In Our View: Cheers & Jeers

Get out and enjoy fair in its final days; fireworks rules need consistency



Cheers: Few traditions serve up a slice of Americana as effectively as a good, old-fashioned county fair — and that should be reason enough to visit the Clark County Fair this weekend. The event, an annual gathering that dates back to 1868 in this area, concludes its 10-day run Sunday with a bevy of family entertainment, rides, exhibits and food.

While county fairs find their genesis in this country's agrarian roots, current fairs also incorporate a variety of modern entertainments and indulgences. Today's marquee events are Tuff Trucks shows at 2 and 7 p.m. in the main grandstand; Sunday's headliners are Monster Trucks shows at the same times. Visit for details and a full schedule of events.

Jeers: Stories about Vancouver residents being ticketed for setting off fireworks around the Fourth of July generate plenty of Bronx cheers. A total of 46 residents face a fine of $250 for violating the city's new fireworks law, which limited the use of explosives to only the actual holiday.

One reason for confusion regarding the law was a failure of the Clark County commissioners to adopt similar restrictions — ignoring the will of the people as expressed in an advisory vote on last November's ballot. That left city residents and those in unincorporated parts of the county to be governed by different sets of rules. But jeers also go to those who do not know whether or not they live within the city limits. We hope the city and the county can find some middle ground on fireworks regulations to make them easier for residents to comprehend. At the same time, we urge residents to consult a map of the Vancouver city limits.

Cheers: The Fort Vancouver National Historic Site continues to serve as a real-life history lesson. The latest example is an archeology project in which students are unearthing the tales told by one of the fort's old home sites.

"It's discovering people's stories, even when they can't write," said Washington State University Vancouver student Justine Hanrahan. The excavation project has dug up artifacts from the household of Little Proulx, who was employed by the Hudson's Bay Company in the 1840s, and from Capt.
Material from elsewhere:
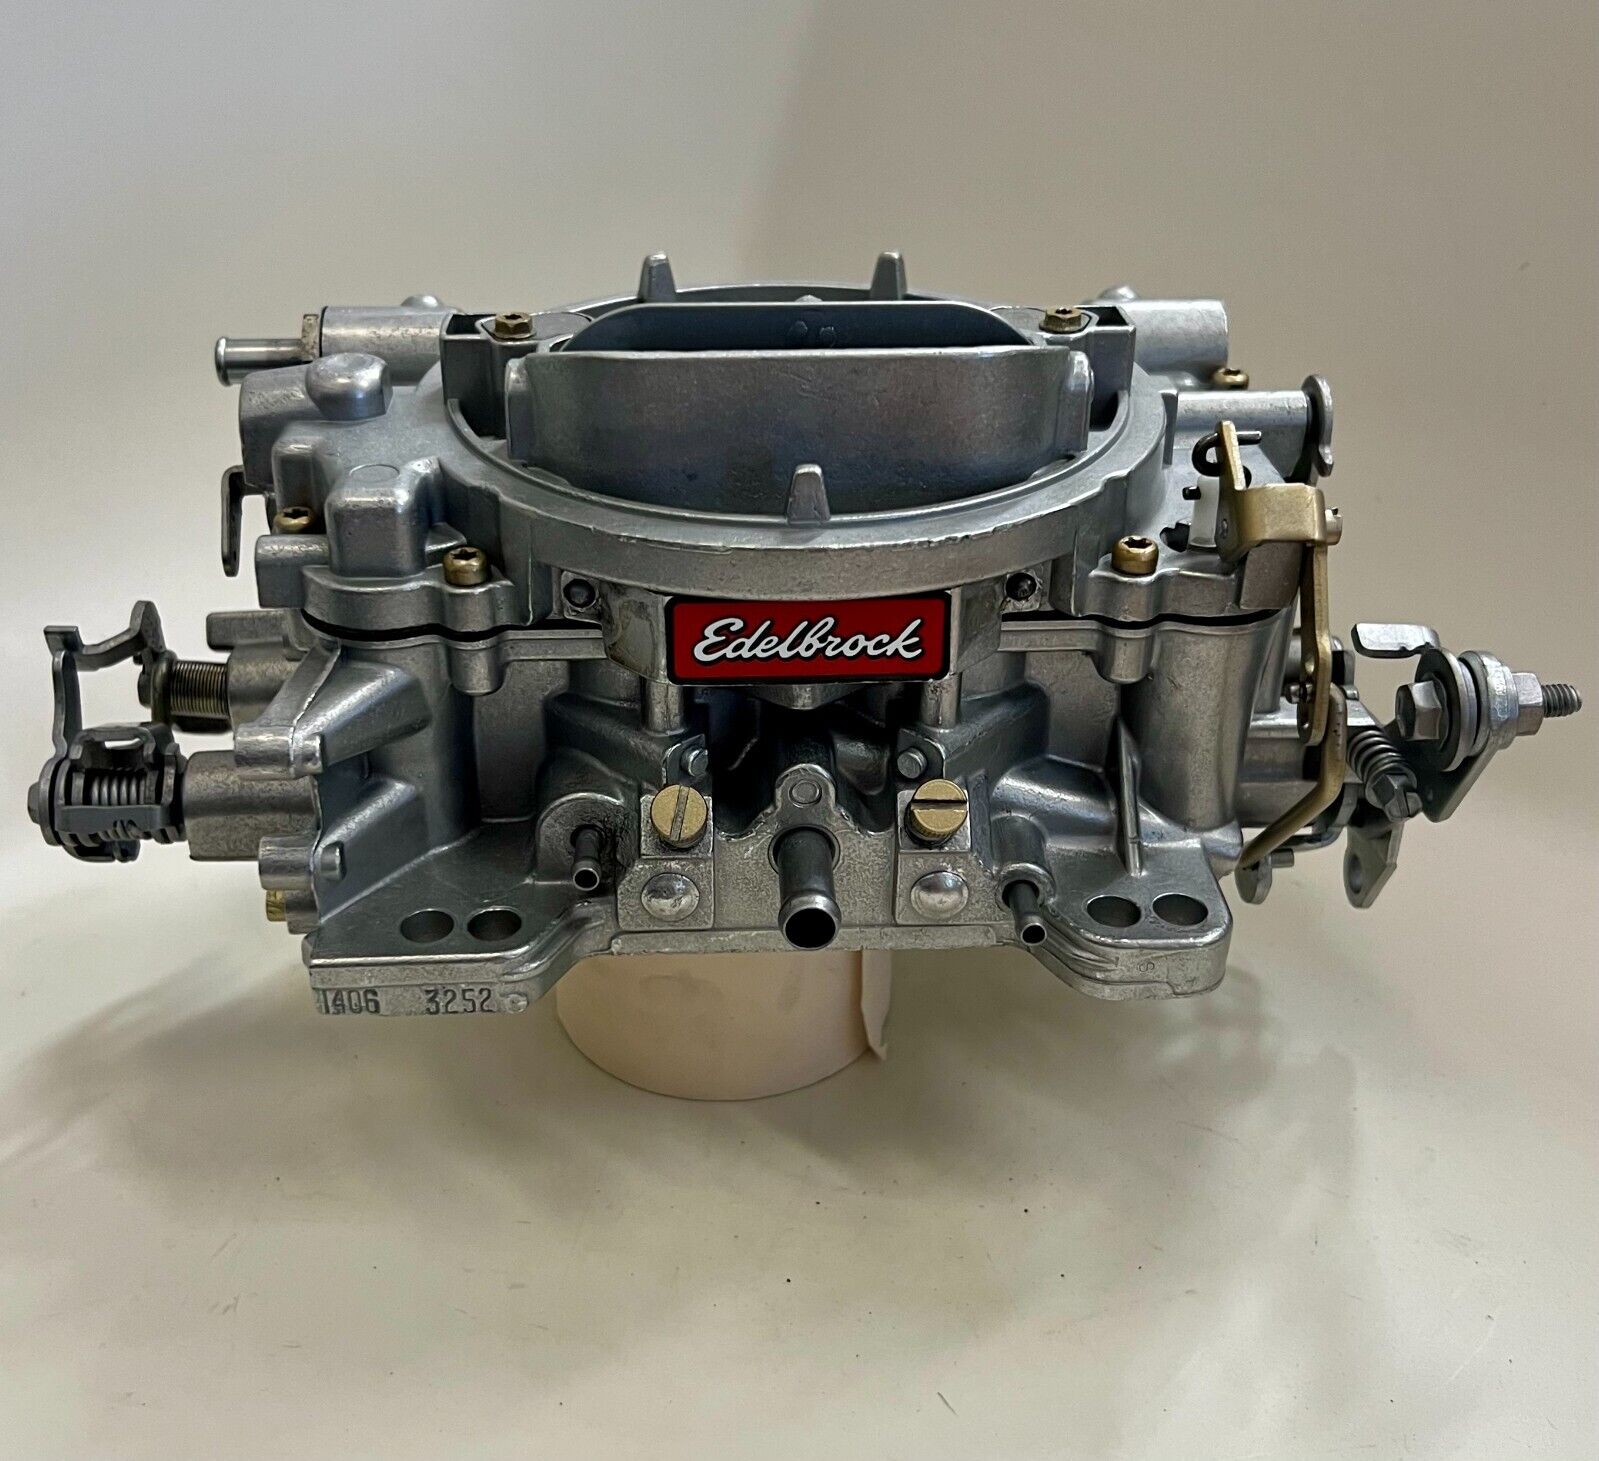 Edelbrock/Carter 4bbl Carburetor Rebuild Service

Levi Holden, who lived there after the U.S. Army moved into the area. Layer by layer, the dig is a reminder of Vancouver's deep and rich history.
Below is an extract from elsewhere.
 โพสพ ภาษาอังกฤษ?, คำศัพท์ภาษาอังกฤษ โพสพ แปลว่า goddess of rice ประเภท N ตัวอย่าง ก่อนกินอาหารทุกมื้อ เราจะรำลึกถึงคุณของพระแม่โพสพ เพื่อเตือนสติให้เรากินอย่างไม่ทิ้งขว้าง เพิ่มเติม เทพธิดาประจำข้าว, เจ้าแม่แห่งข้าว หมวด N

Jeers: The latest twist in the dispute between United Grain Corp. and the International Longshore and Warehouse Union at the Port of Vancouver has state Sen. Don Benton, R-Vancouver, weighing in. Benton filed a misconduct complaint against Gov. Jay Inslee after the governor stopped providing security for grain inspectors at the site.

The complaint has been dismissed without a hearing, and the issue is complex, but in the end it is the job of the company, not the governor, to ensure protection for inspectors. Still, jeers go to both United Grain and the ILWU for allowing the dispute to linger for more than a year as it hampers the port's ability to export grain.

Cheers: It is a paws-itively awwww-inspiring story. A badly burned black bear cub in north-central Washington, near last month's massive wildfires, has been rescued thanks to a caring homeowner, several volunteers,and state Fish and Wildlife officials.

The 37-pound bear had severe burns on all four paws when it was found last week. The cub was treated by a Wenatchee-area veterinarian who donated time and medicine, and a Seattle-based pilot volunteered to deliver it to Lake Tahoe Wildlife Care. The bear is recovering at the center in California and has made national news. It even has been given an appropriate name — Cinder.